• Doc Sheldon

    Admittedly, I’m not intimately familiar with online paid advertising programs, having studiously avoided them in favor of more comprehensible methods. However, I do converse, on a daily basis, with several colleagues that are quite proficient in paid advertising, and I also stay abreast of nearly everything else that can affect my clients, especially originating in Mountain View.

    Like most of us, I’ve seen a lot of whining about Google’s results, as pertains to competitive products/services, but I have yet to see one instance that seemed to have even a hint of validity.

    A fanboy, I’m not, and I’ve got some complaints of my own about how Google runs some of its business, but I would think that the FTC would be embarrassed by having even launched this investigation. Even a cursory glance should have told them there was no basis for any action.

    My bet would be that the FTC was simply a victim of pressure to do “something”, simply because Google has gotten so big that it makes people nervous.

  • Durant Imboden

    The NY Times has published an op-ed titled “Is Google like gas or steel?” that’s more illuminating than the usual press releases by anti- or pro-Google lobbyists. It examines the FTC-Google settlement’s roots in First Amendment law, which faced a similar test in a case involving the Associated Press back in the 1940s:

    http://www.nytimes.com/2013/01/05/opinion/is-google-like-gas-or-like-steel.html

  • http://twitter.com/AdamRYP Adam Thompson

    Hmmm, all of these responses are from Google’s direct or indirect competitors (even the two platform providers are indirect competitors, as they compete against using Google’s Adwords management interface) – so these reactions are nothing more than outgrowths of how this development impacts their revenues. I’d be more interested in hearing what slightly less biased parties think.

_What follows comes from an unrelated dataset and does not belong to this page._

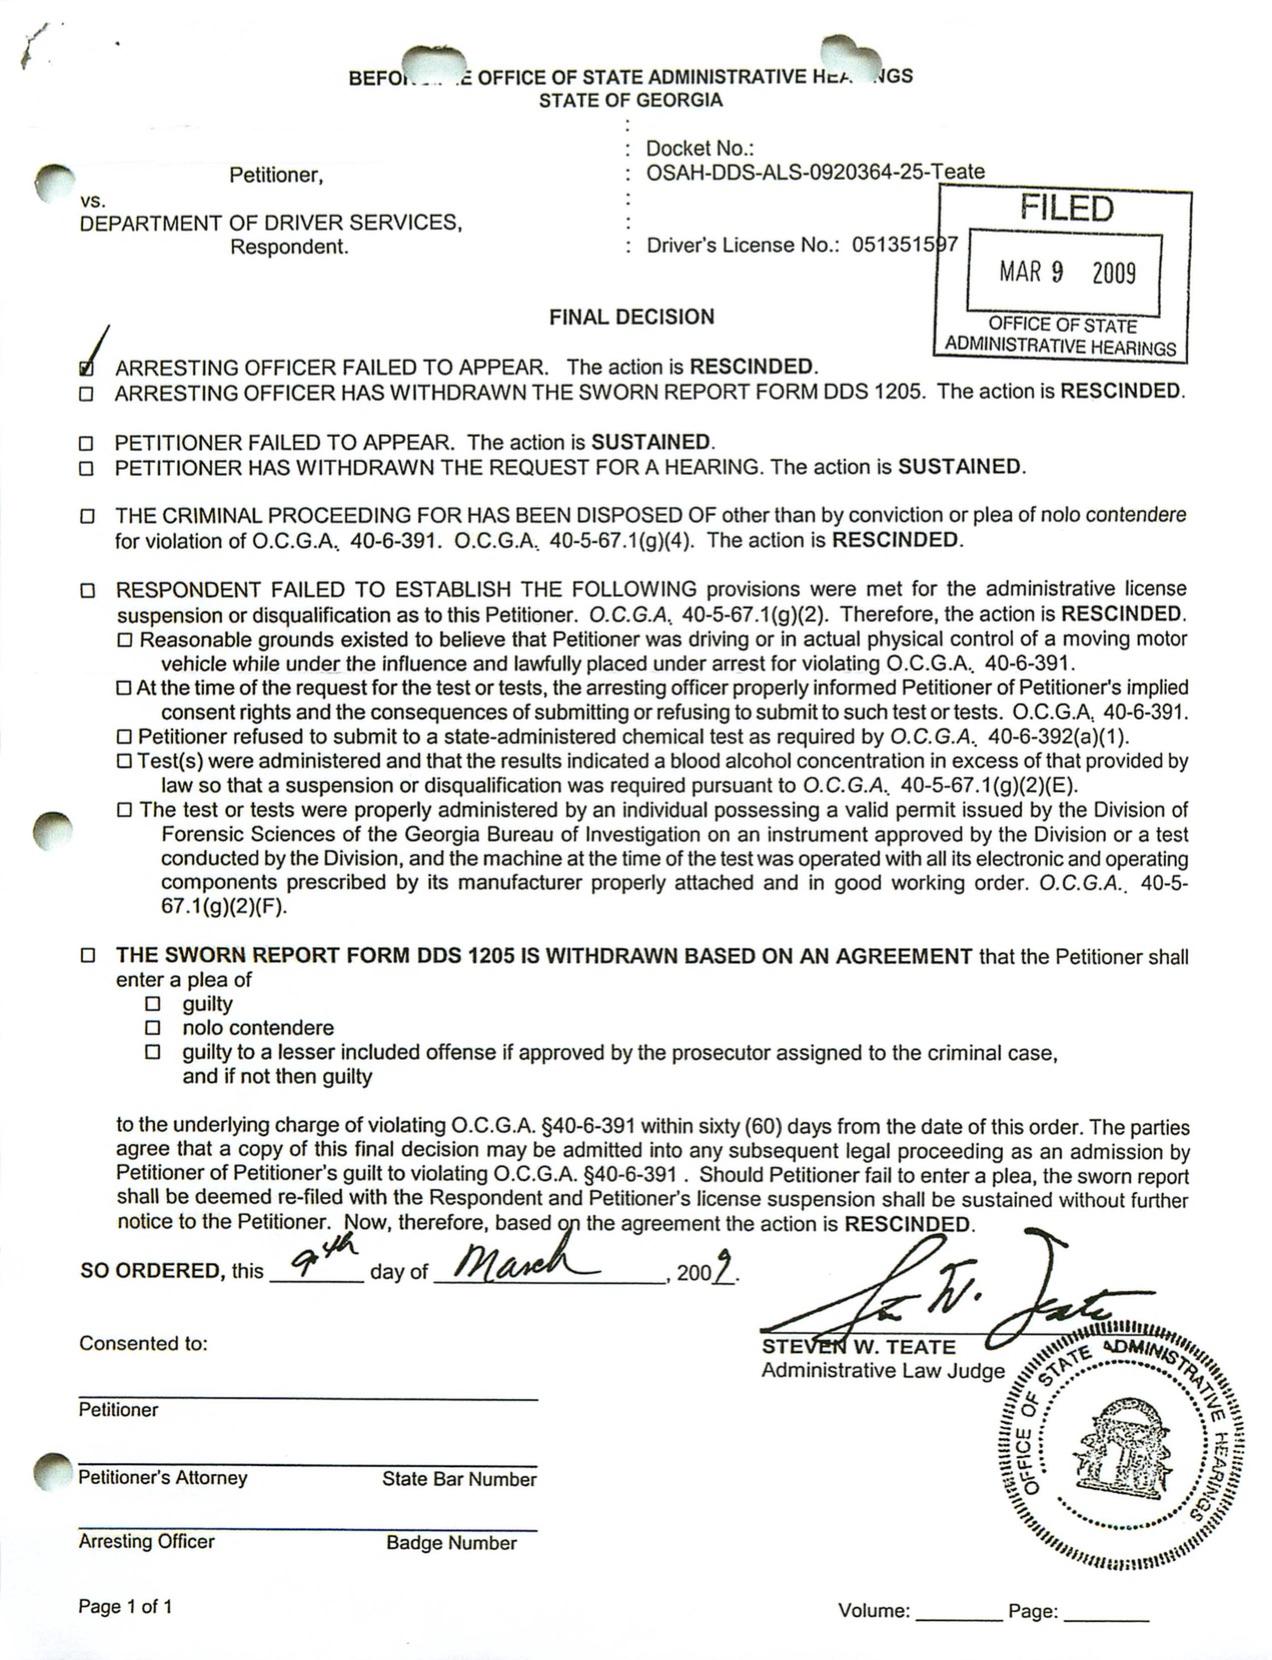 georgia dui license suspension test refusal

  • http://www.barryadams.co.uk/ Barry Adams

    Your phrasing “an even more absurd analysis” implies Politico’s analysis of Google’s lobbying efforts is absurd, though less so. That is a value judgment that is rather untenable, Greg. Might want to rephrase that, lest it become embarrassingly clear where SEL’s loyalties lie.

  • Matt McGee

    Barry, the loyalty that SEL has is to our readers and to call things as we see them as individuals. We don’t have a corporate loyalty or corporate policy about favoring any company that we write about. You, as a longtime reader, should know that by now.

    Totally respect your right to disagree with Greg here, but if you’re suggesting that it’s based on some loyalty toward Google or any other company, that’s an “even more absurd analysis” than anything else. :-)

  • http://www.barryadams.co.uk/ Barry Adams

    Oh I think SEL’s entirely voluntary pro-Google stance is not a particularly well-kept secret, Matt. After all, SEL enjoys almost unparalleled access to Google sources, and you won’t do anything that might jeopardise that access. It’s not even a matter of editorial oversight – it’s a self-selected, subconscious bias inherent in your reporting.

    That’s not a conspiracy theory, that’s simple knowledge of how the media works.

  • Matt McGee

    I wish you were right, Barry. Unparalleled access would be nice and very helpful in getting all our questions answered. Maybe someday.